Wednesday, February 1st, 2012, 6:03 pm
GMDS for Surface Comparison: Approaching perfect Tests
Over the past two days I have running some more experiments that look at what can be refined for better performance. At some adjustments of the parameters it seems to hit the sweet spot for a couple dozen pairs, but then the errors start creeping in. Basically, pairs belonging to different people do not entail big enough a penalty, even when they are clearly quite different. I am getting closer though, to the extent one can given GMDS as the instrument of choice…
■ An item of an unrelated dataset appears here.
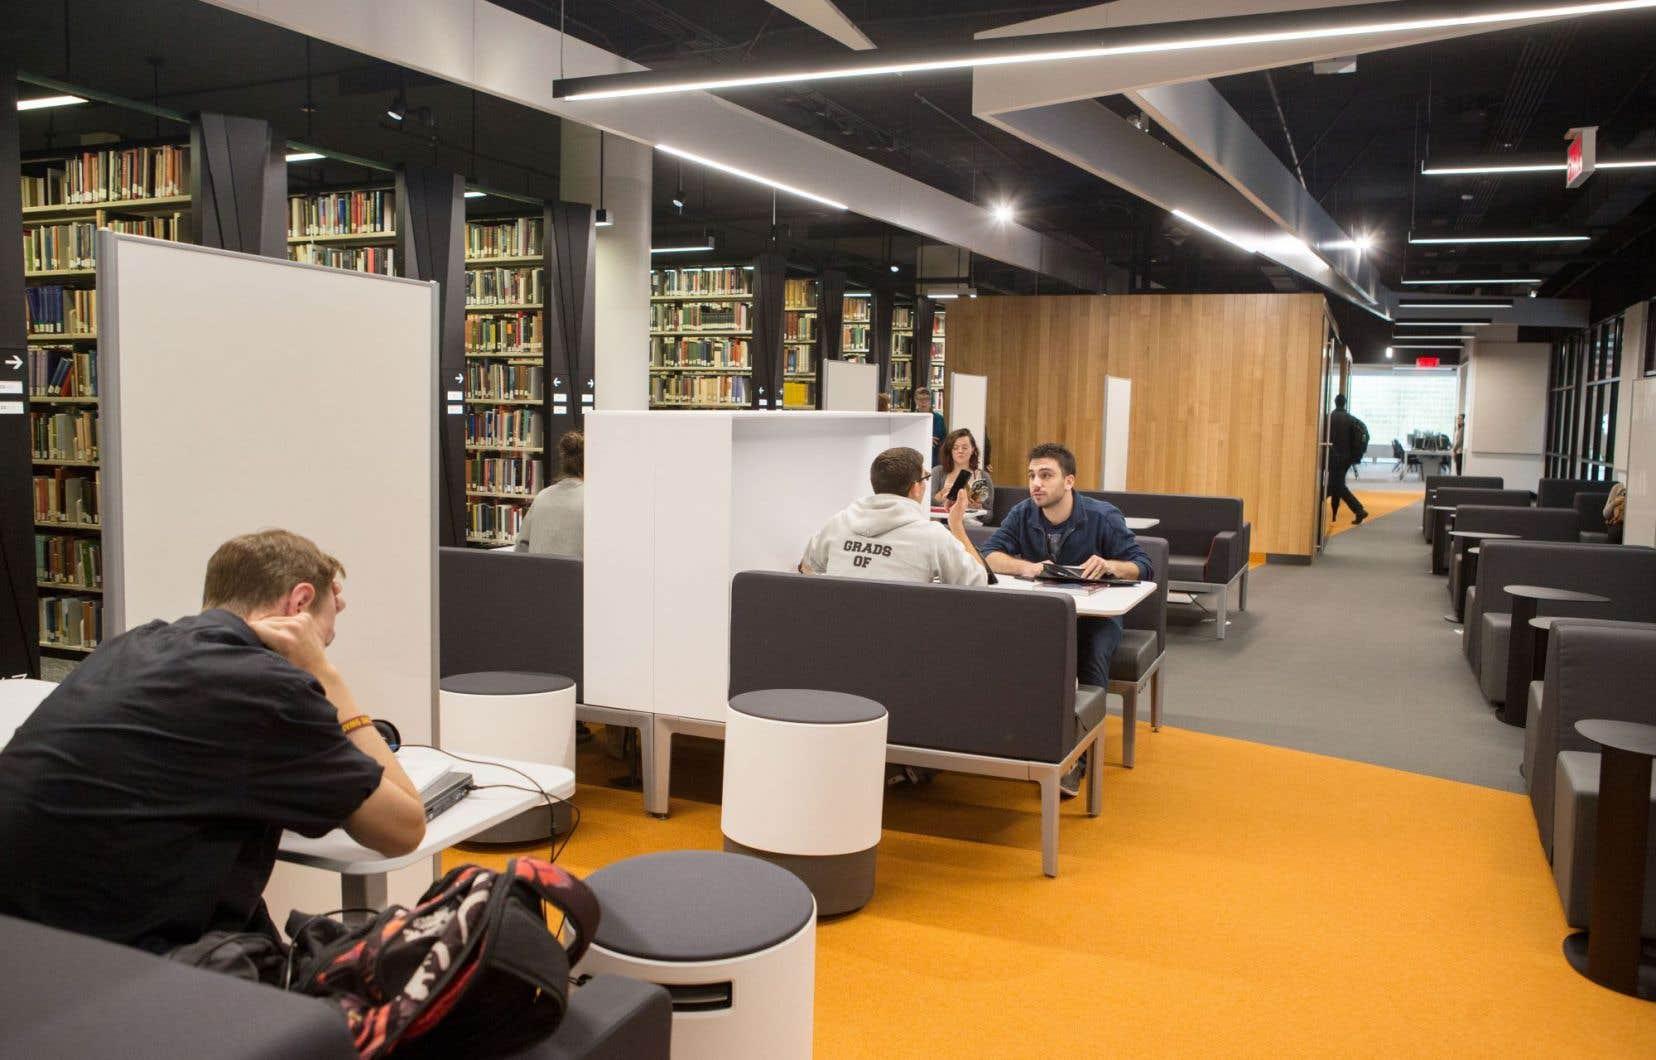 La bibliothèque Webster a subi des rénovations majeures et sa transformation ne sera achevée qu'en 2017.
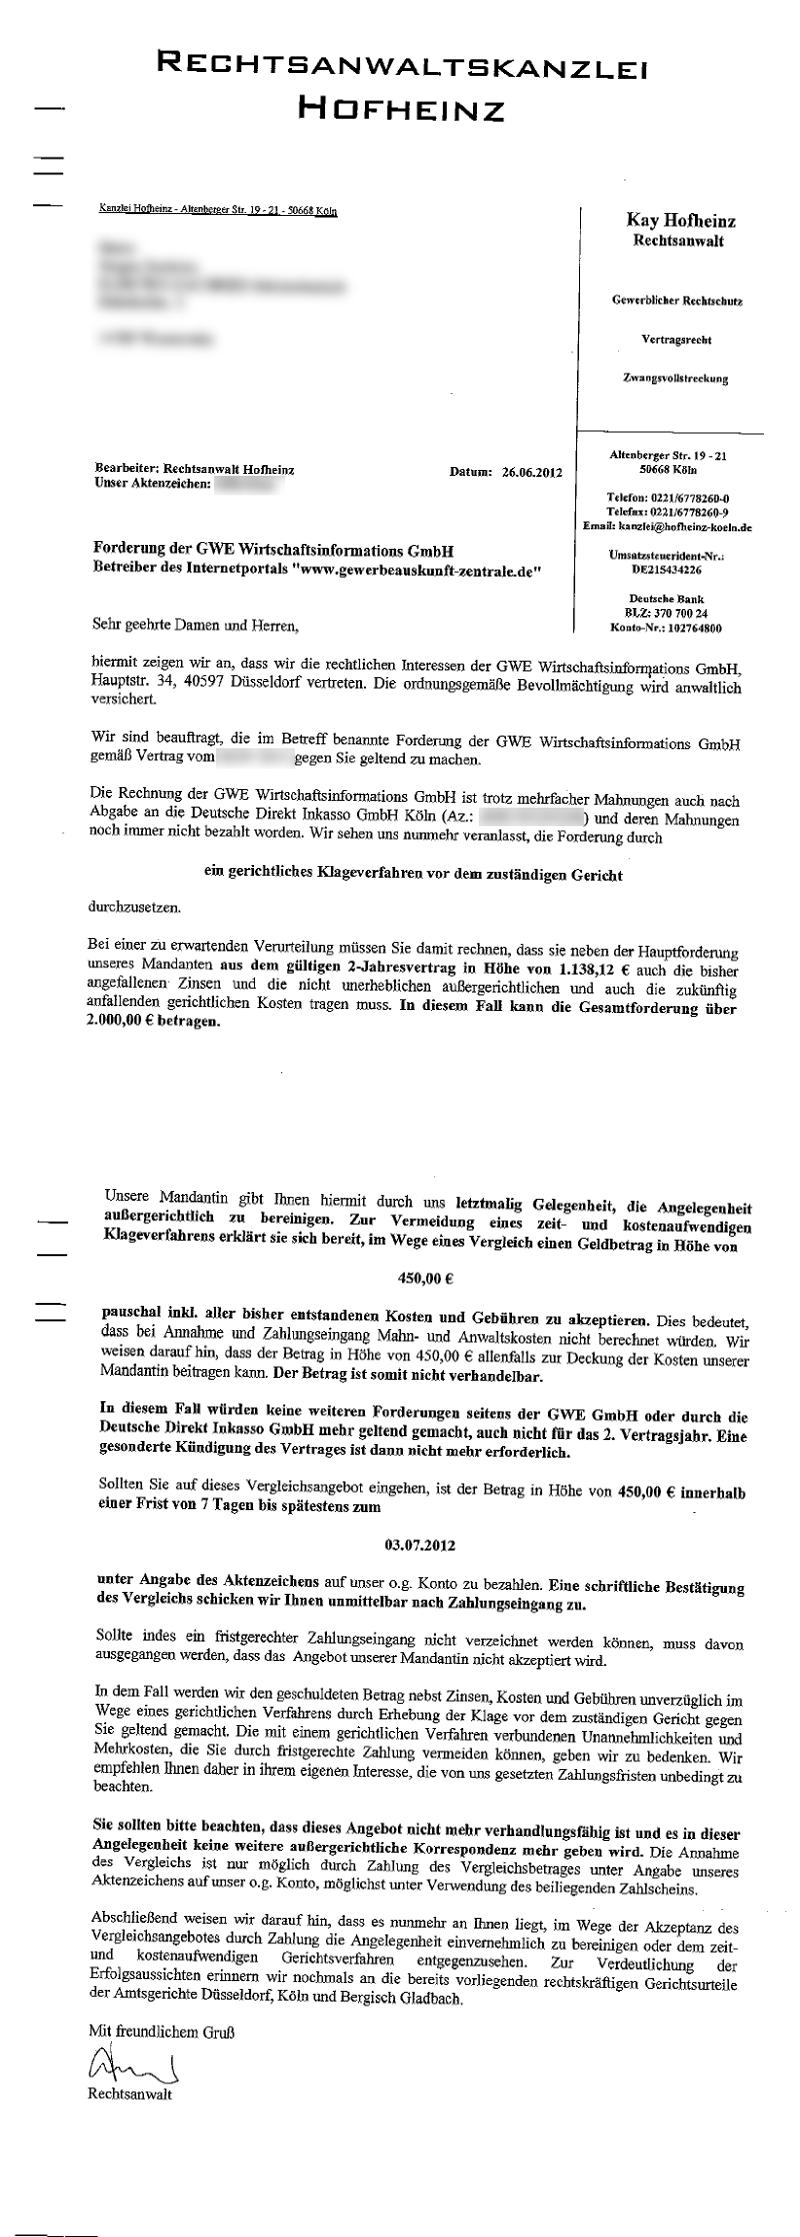 Rechtsanwalt Hofheinz Treibt Für Gewerbeauskunft Zentrale Ein

No classification mistakes were made after I had adjusted several parameters appropriately. Having explored high density sampling, I found that it works reasonably well at around 2000 vertices, 20 GMDS operations on each pair, and as many as 30 levels in the multi-scale approach (this does not take long with the C++ implementation). The performance achieved is quite satisfactory and after trying all kinds of masks I ended up with a new type of mask, one which is intentionally asymmetric so as to help GMDS not flip any faces over (around the Y axis, horizontally rather than vertically), thus always comparing like with like.
I have made lots of progress although much of the progress was not documented in a detailed fashion. This was done in order to make improvements more rapid and not too dependent on formality.
There is a lot more room for improvement, so these results are just a glimpse at the sort of level easily attained. Shown are the results from the latest experiments.
FMM-based method ROC curve
GMDS-based method ROC curve
More images and explanations will now follow.
A 20-layer approach before buxfixes
2 pairs after bugfixes
Mismatches after some bugfixes
Correct matches after some bugfixes
A 20-layer coarse correspondence check
Same as above but with smaller mask
Same as above but with further improvements
Currently I am looking at whether or not doubling the number of vertices again will lead to improvements. Previous experiments suggest that at a certain point it might leads to exacerbation.